Out to the areas in which these communities of color now call home, is where I see the sparse glimmers of community pride in the small businesses, occupied by people of the Mekong and Balsas Rivers, but also their children, finding pride in speaking their household languages among friends at school. A young Hispanic boy got on the bus, in hand with his mother and her friend, who both seemed to be on her way to her job. The two speaking Spanish, so fluently, I felt myself ashamed not to have been able to engage too.

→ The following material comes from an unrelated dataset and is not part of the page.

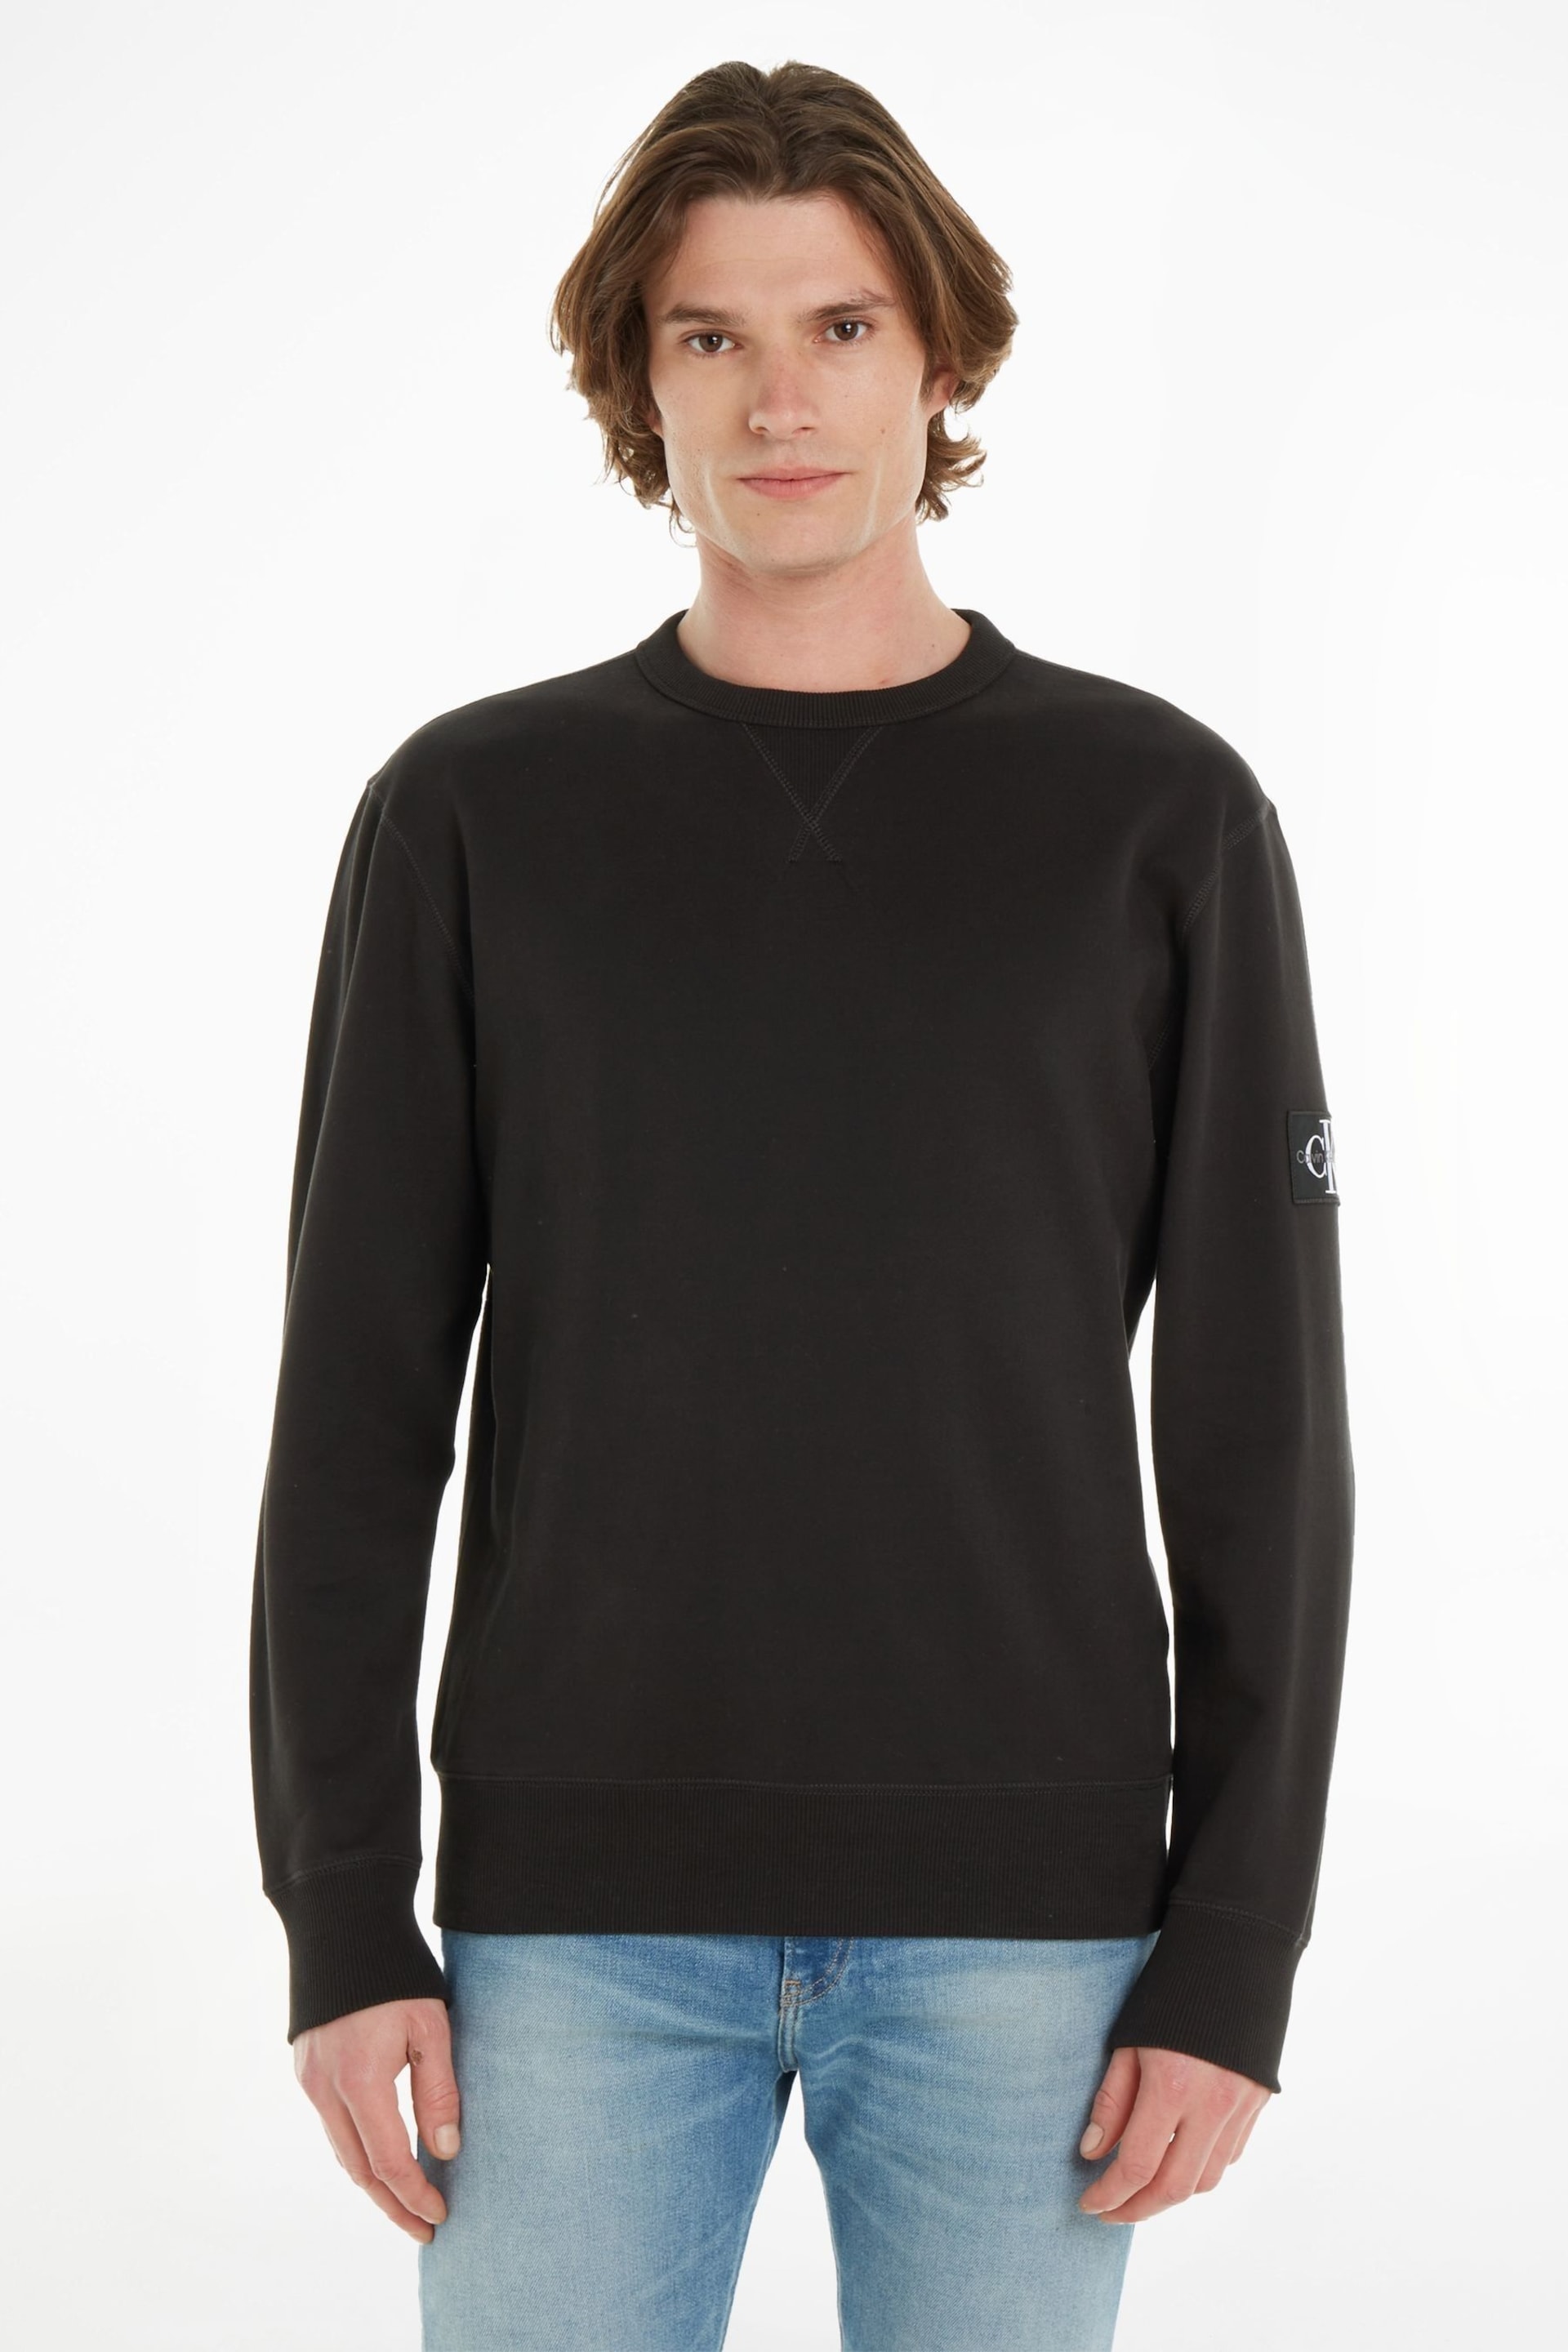 Calvin Klein Jeans Monogram Badge Logo Crew Neck Black Sweatshirt - Image 1 of 6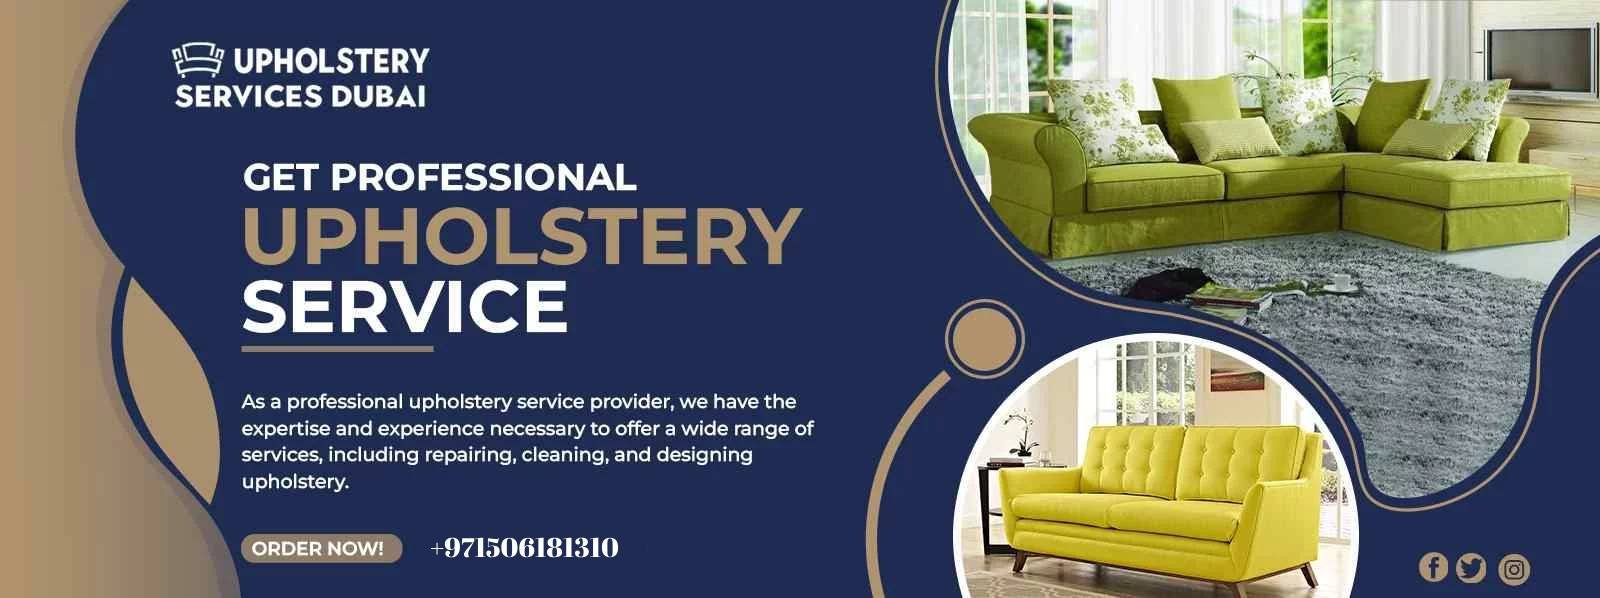 upholstery service in dubai 1

Following, came a bounty of young people in the late morning rush hour, heading to work, the entry jobs that could possibly get them the house their mother had lost.
On my trip to North Portland, I heard the stories of men that been sucked in by streets, going in and out of jail, one even recently stabbed at the porch of his home. But even the wake of this commonly thread theme of North Portland, being the “hood,” they had a firm pride for their own community. This pride broadened my eyes, as I rode through New Columbia, looking at the various flyers advertising community events from old Father’s Day Honors Brunch, to clothe drives and employment preparation classes. As I continued further into North Portland, the pride of being a homeowner illuminated as the bus passed the streets with immaculate yards, set in front of houses painted as if to smile, assuring you are safe.
From the conversations that started with a simple question, “what are you doing?” to the smiles that made me feel welcome, but not enough to stay, as I travelled through the changed, bright, vibrant, new, fun, urban, white neighborhoods: Division, Mississippi and Alberta, I realized so much has changed, but the people coming in and the people who left remain the same. There faces do change colors, but life continues to go on.